The genomic DNA of subject’s blood samples was extracted with a QIAGEN Blood DNA Kit (Venlo, The Netherlands). An allelic discrimination method using allele-specific fluorogenic probes (the 5 nuclease assay with MGB probes and TAMRA probes, as used in the Taqman assay [33] was chosen for genotyping using a ABI PRISM 7500 Sequence Detection System). Primers and probes are described in Table S2 and were designed by Primer Express 3.0 (Applied Biosystems) and synthesized by Shanghai GeneCore Biotechnologies (Shanghai, China). Polymerase chain reaction (PCR) was performed in 10-μl reaction systems. The PCR protocol consisted of an initial melting step at 95°C for 10 min, 40 cycles of 95°C for 15 s, and 60°C for 1 min. A multicomponent algorithm was used to calculate distinct allele signal contributions from fluorescent measurements for each sample with the ABI 7500HT real-time PCR system. The genotypes were automatically determined by Sequence Detection Systems software 2.3 (Applied BioSystems) (Figure S1 ). In the genotyping assays, 10% samples were randomly selected to perform repeated assays for each SNP, and the results were 100% concordant.

Statistical analyses

Two-sided χ2 tests were used to assess differences in selected demographic variables, smoking status, pack-years of smoking, family history of cancer, frequencies of MUC4 alleles, and genotypes between the cases and controls. Goodness-of-fit to Hardy-Weinberg equilibrium (HWE) in controls was also evaluated with a χ2-test for each SNP. Akaike’s information criteria (AIC) [34] were applied to select the most parsimonious genetic model for each SNP. Odds ratios (ORs) and corresponding 95% confidence intervals (CIs) were measured with an unconditional logistic regression model with adjustments for age, sex, smoking status, alcohol drinking status, and family history of cancer. Stratification analyses were also performed by variables of interest, such as age, sex, smoking status, alcohol drinking status, family history of cancer, and histologic types. The pairwise LD among the SNPs was calculated using Lewontin’s standardized coefficient D', and LD coefficient r2 [35], and haplotype blocks were defined by the method described by Gabriel et al. [36] using publicly available Haploview software (http://www.broad.mit.edu/personal/jcbarret/haplo/) with default settings (the CI for a strong LD was minimal for upper 0.98 and low 0.7, and maximal for a strong recombination of 0.9, and a fraction of strong LD in informative comparisons was at least 0.95). Each common haplotype (MAF > 0.05) was compared between all cases and controls and in each stratum of cumulative smoking dose to determine whether smoking influenced the risk associated with MUC4 variants by using haplo.stats (available at http://mayoresearch.mayo.edu/mayo/research/schaid_lab/index.cfm). In addition, a PHASE 2.1 Bayesian algorithm [37] was used to validate the haplotype frequencies estimated by Haplo.stats and infer diplotype frequencies based on the observed genotypes. Diplotype (haplotype dosage, an estimate of the number of haplotype copies) was the most probable haplotype pair for each individual. Unconditional logistic regression analyses were used to estimate ORs and 95% CIs for case-control subjects carrying one to two copies versus zero copies of each common haplotype for the dichotomized diplotypes (Table S3 ). The issue of multiple tests was controlled by performing 10,000 permutation tests.

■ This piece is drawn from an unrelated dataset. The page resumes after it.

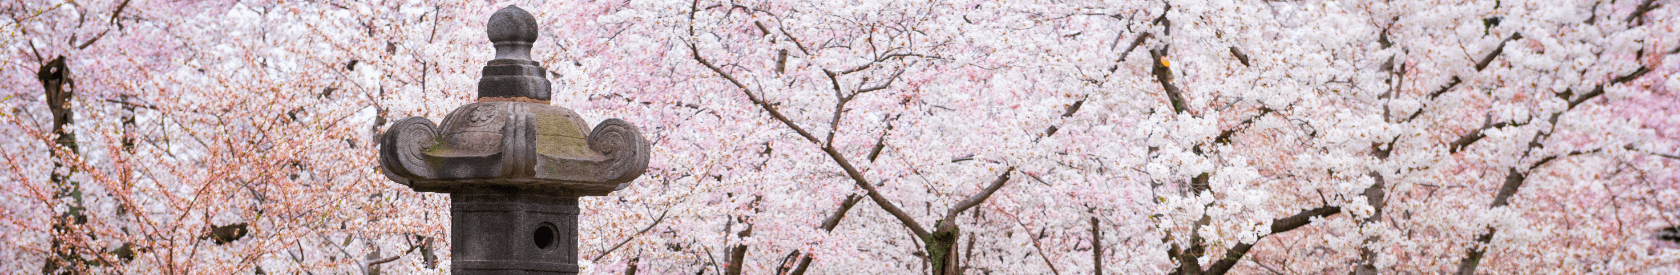 Mrs. Taft Plants a Tree: How the Cherry Blossoms Came to Washington

To explore potential interactions between the tagSNPs and smoking status, we performed multiple tests to assess result consistency, including analyses of specific categories of cumulative smoking exposure (i.e., pack-years), genotype-smoking joint-effects, and interaction models that considered both discrete (nonsmokers, light smokers [≤20 pack-years] and heavy smokers [>20 pack-years]) and continuous (square root of pack-years) variables for cumulative smoking exposure. Statistical analyses were performed using SAS 9.2 software (Cary, NC, USA).

Results

Study population characteristics

The characteristics of the 1,048 lung cancer patients and 1,048 cancer-free controls are described in Table S4 . The lung cancer cases and controls were adequately matched for age and sex (P = 0.7597 and 0.7734, respectively). Cigarette smoking was associated with increased risk of lung cancer among heavy smokers (OR = 1.66 and 95% CI = 1.37-2.03, data not shown). Among the 1,048 lung cancer cases, 790 (75.38%) were defined as non-small-cell lung cancer (384 adenocarcinoma, 368 squamous cell carcinoma, and 37 large-cell carcinoma), 121 (11.55%) were small-cell lung cancer, and 138 (13.17%) patients had other carcinomas.

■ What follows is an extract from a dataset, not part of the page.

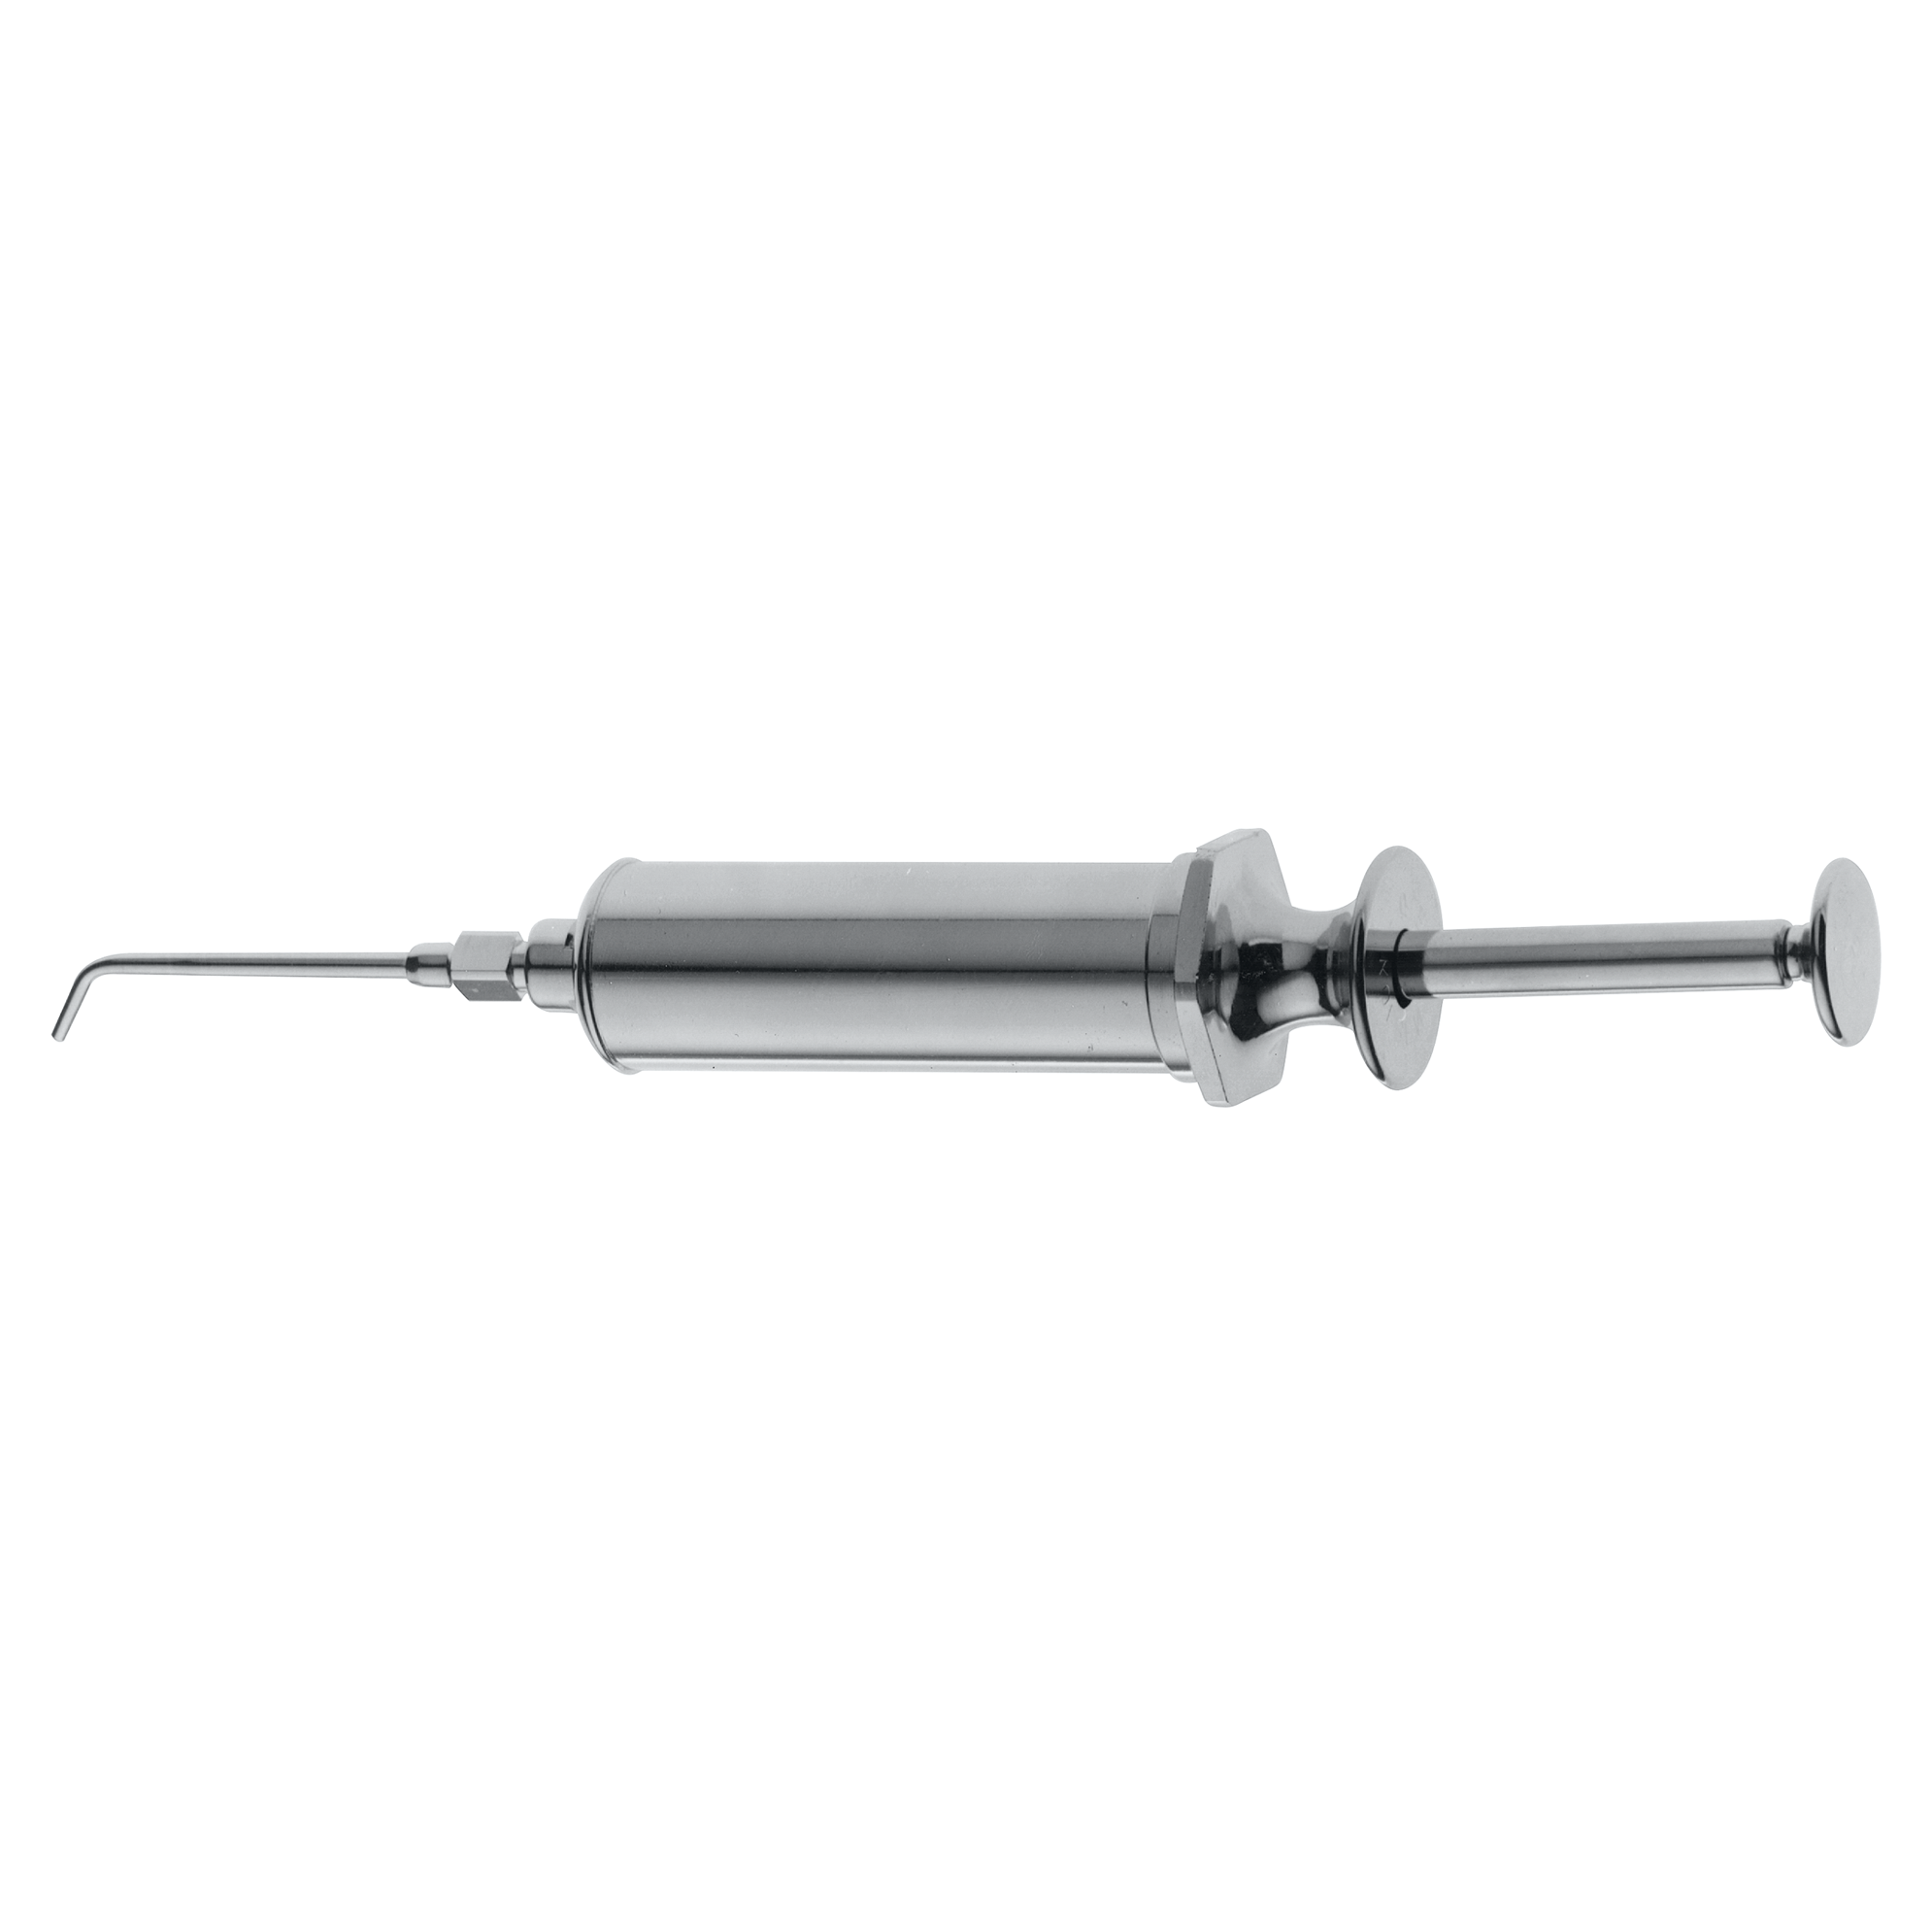 2716 (water syringe)

Association between individual SNPs and lung cancer risk

As summarized in Table 1 , the genotype frequency distributions of the nine selected SNPs ((rs863582, rs842226, rs842225, rs2550236, rs2688515, 2641773, rs3096337, rs859769, and rs842461) in control subjects were all consistent with those expect from the HWE model (all P > 0.05). One SNP (rs2688515) in this Chinese population represented an MAF that was 12.76% lower than reported in the dbSNP database (http://www.ncbi.nlm.nih.gov/SNP, accessed 9/9/2012), whereas the other SNPs (rs842226) represented an MAF 20.52% higher than those reported in the HapMap SNP database (Han Chinese), which may reflect either a diverse population difference or frequency bias due to small sample sizes from which the databases were derived. Allele frequencies of all SNPs showed significant differences between the 1048 case and control pairs (P = 0.0116 for rs863582, P = 0.0129 for rs842226, P = 0.0091 for rs842225, P = 0.0152 for rs2550236, P = 0.0036 for rs2688515, P = 0.0048 for rs2641773, P = 0.0012 for rs3096337, P = 0.0016 for rs859769, and P = 0.0012 for rs842461).

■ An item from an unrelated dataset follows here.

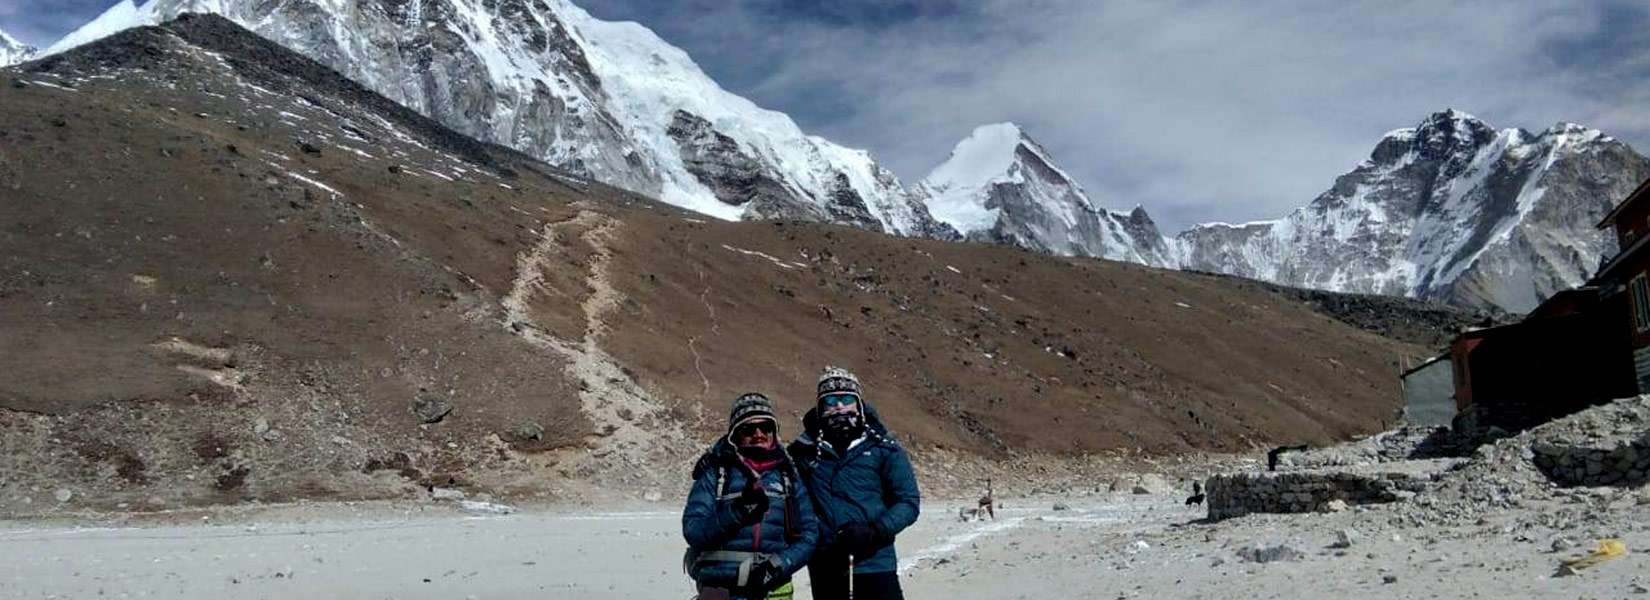 Everest Base Camp Trek guide, season, weather & equipment

Significant associations were observed for all nine SNPs (P = 0.0425 for rs863582, 0.0333 for rs842226, 0.0294 for rs842225, 0.0010 for rs2550236, 0.0149 for rs2688515, 0.0191 for rs 2641773, 0.0058 for rs3096337, 0.0077 for rs859769, and 0.0059 for rs842461 in a additive model) based on the best fit of the AIC. The two tagSNPs (rs863582 and rs842461) remained significant after applying 10,000 permutations (P value from empirical distribution of minimal P values = 0.0315).

Multivariate logistic regression models showed that after adjusting for confounding factors, compared with wild-type carriers in a dominant model, a significantly increased lung cancer risk was associated with the variant genotypes of rs863582 (T>C) (adjusted OR = 1.39 and 95% CI = 1.02-1.56 for CT/CC genotypes) and rs842461 (A>C) (adjusted OR = 1.25 and 95% CI = 1.05-1.49 for CA/CC genotypes) (Table 2 ).

Table 2. Genotype frequencies of selected MUC4 SNPs among cases and controls and their association with lung cancer risk.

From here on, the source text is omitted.